On inspecting the assembly produced from the file to be attached, compare the code generated for matrix44f::transform_good and matrix44f::transform_bad.
The former is 20 instructions and apparently optimal.  However, it was only arrived at by prodding the latter version of the function (which does exactly the same thing but expressed more naturally, but results in 32 instructions) until the stack temporaries went away.  It would be nice if both versions of the function generated optimal code and there doesn't seem to be any particular reason they shouldn't.
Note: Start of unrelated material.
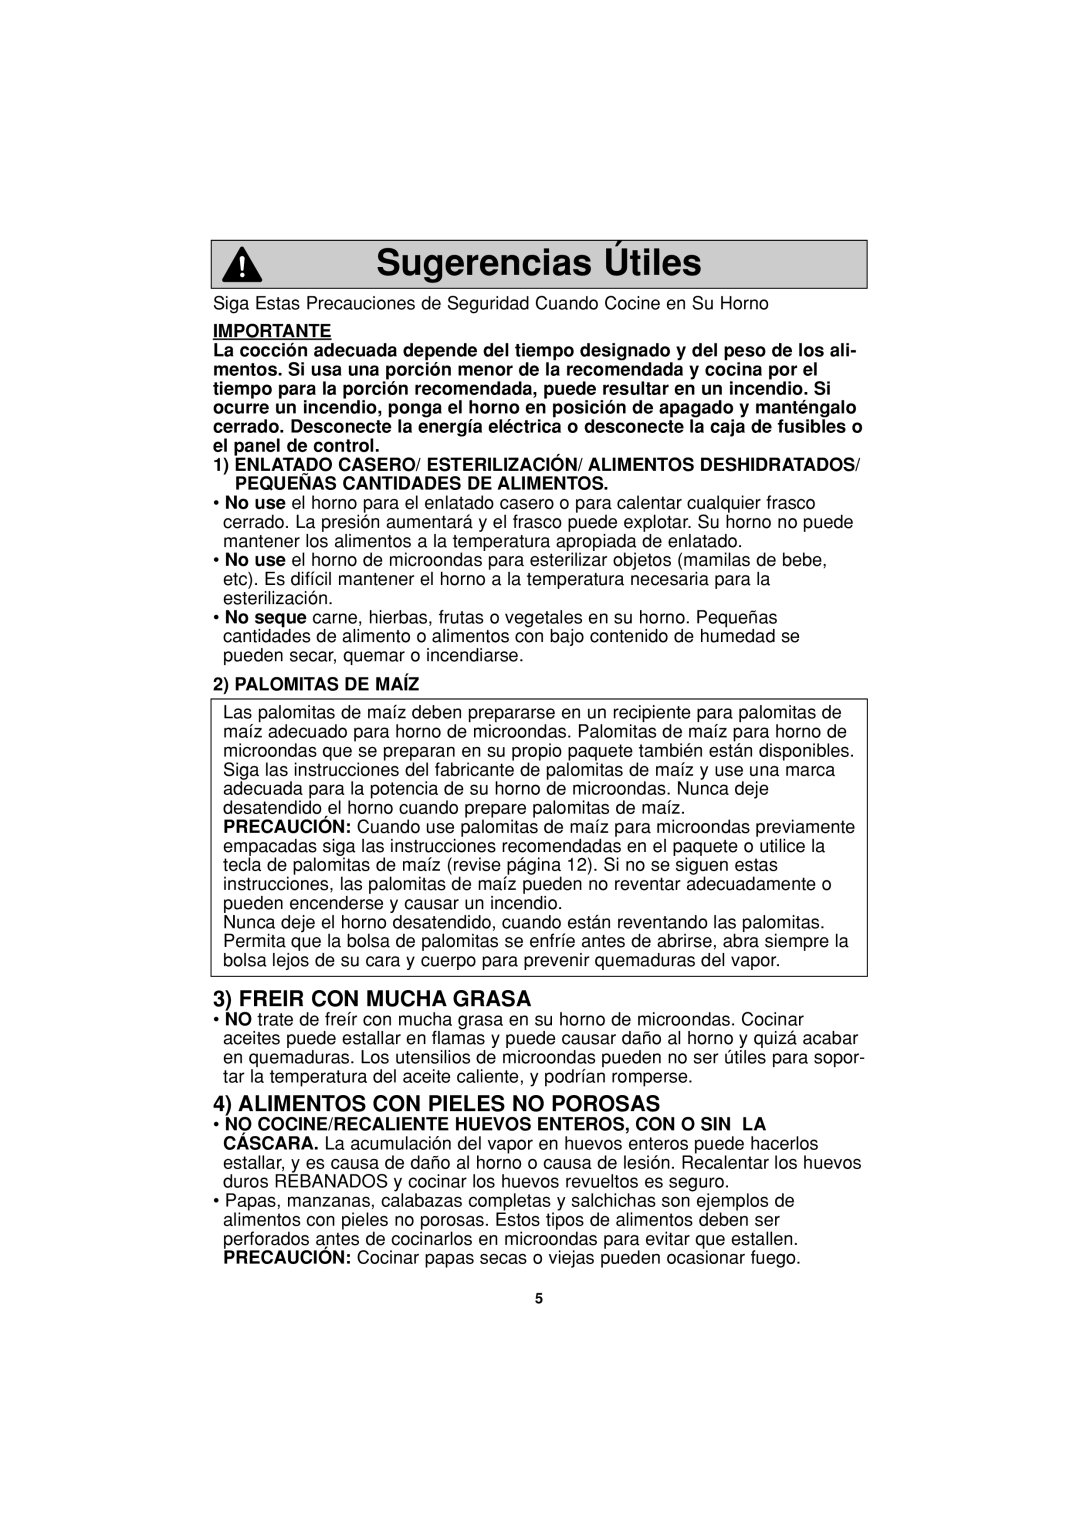 Panasonic NN-S334 important safety instructions Sugerencias Útiles, Freir Con Mucha Grasa, Alimentos Con Pieles No Porosas

Both versions' assembly contain the same expected numbers of shuffle, multiply and add instructions, the excess seems to all involve extra stack temporaries.

[I'm not sure what the "triplet" codes on this form are.
I'm using a gcc in Debian Etch  gcc --version shows "gcc (GCC) 4.1.2 20060901 (prerelease) (Debian 4.1.1-13)"; platform is a Pentium3.  Sorry if the "inline-asm" component is a completely inappropriate thing to assign to.]
Comment 1 Tim Day 2006-11-07 22:26:59 UTC
Created attachment 12566 [details]
Result of gcc -v -save-temps -S -O3 -march=pentium3 -mfpmath=sse -msse -fomit-frame-pointer intrin.cpp

This is the .ii file output from
gcc -v -save-temps -S -O3 -march=pentium3 -mfpmath=sse -msse -fomit-frame-pointer intrin.cpp
Most of it is the result of the .cpp's sole direct include : #include <xmmintrin.h>, which was immediately before the "class vector4f" declaration.
Comment 2 Andrew Pinski 2006-11-07 22:31:26 UTC
Looks like this is mostly caused by:
  union
  {
    __v4sf vecf;
    __m128 rawf;
    float val[4];
  } _rep;

I will have a look more at this issue later tonight when I get home from work.

Comment 3 Tim Day 2006-11-08 10:01:11 UTC
I've just tried an alternative version (will upload later) replacing the union with a single
  __v4sf _rep,
and implementing the [] operators using e.g
  (reinterpret_cast<const float*>(&_rep))[i];
However the code generated by the two transform implementations remains the same (20 and 32 instructions anyway; haven't checked the details yet).
Maybe not surprising as it's just moving the problem around.

The big difference between the two methods is perhaps primarily that the bad one involves a __v4sf->float->__vfs4 conversion, while the good one uses __v4sf throughout by using the mul_compN methods.  I'll try and prepare a more concise test case based on the premise that bad handling of __v4sf <-> float is the real issue.
Comment 4 Tim Day 2006-11-08 22:18:28 UTC
Created attachment 12573 [details]
More concise demonstration of the v4sf->float->v4sf issue.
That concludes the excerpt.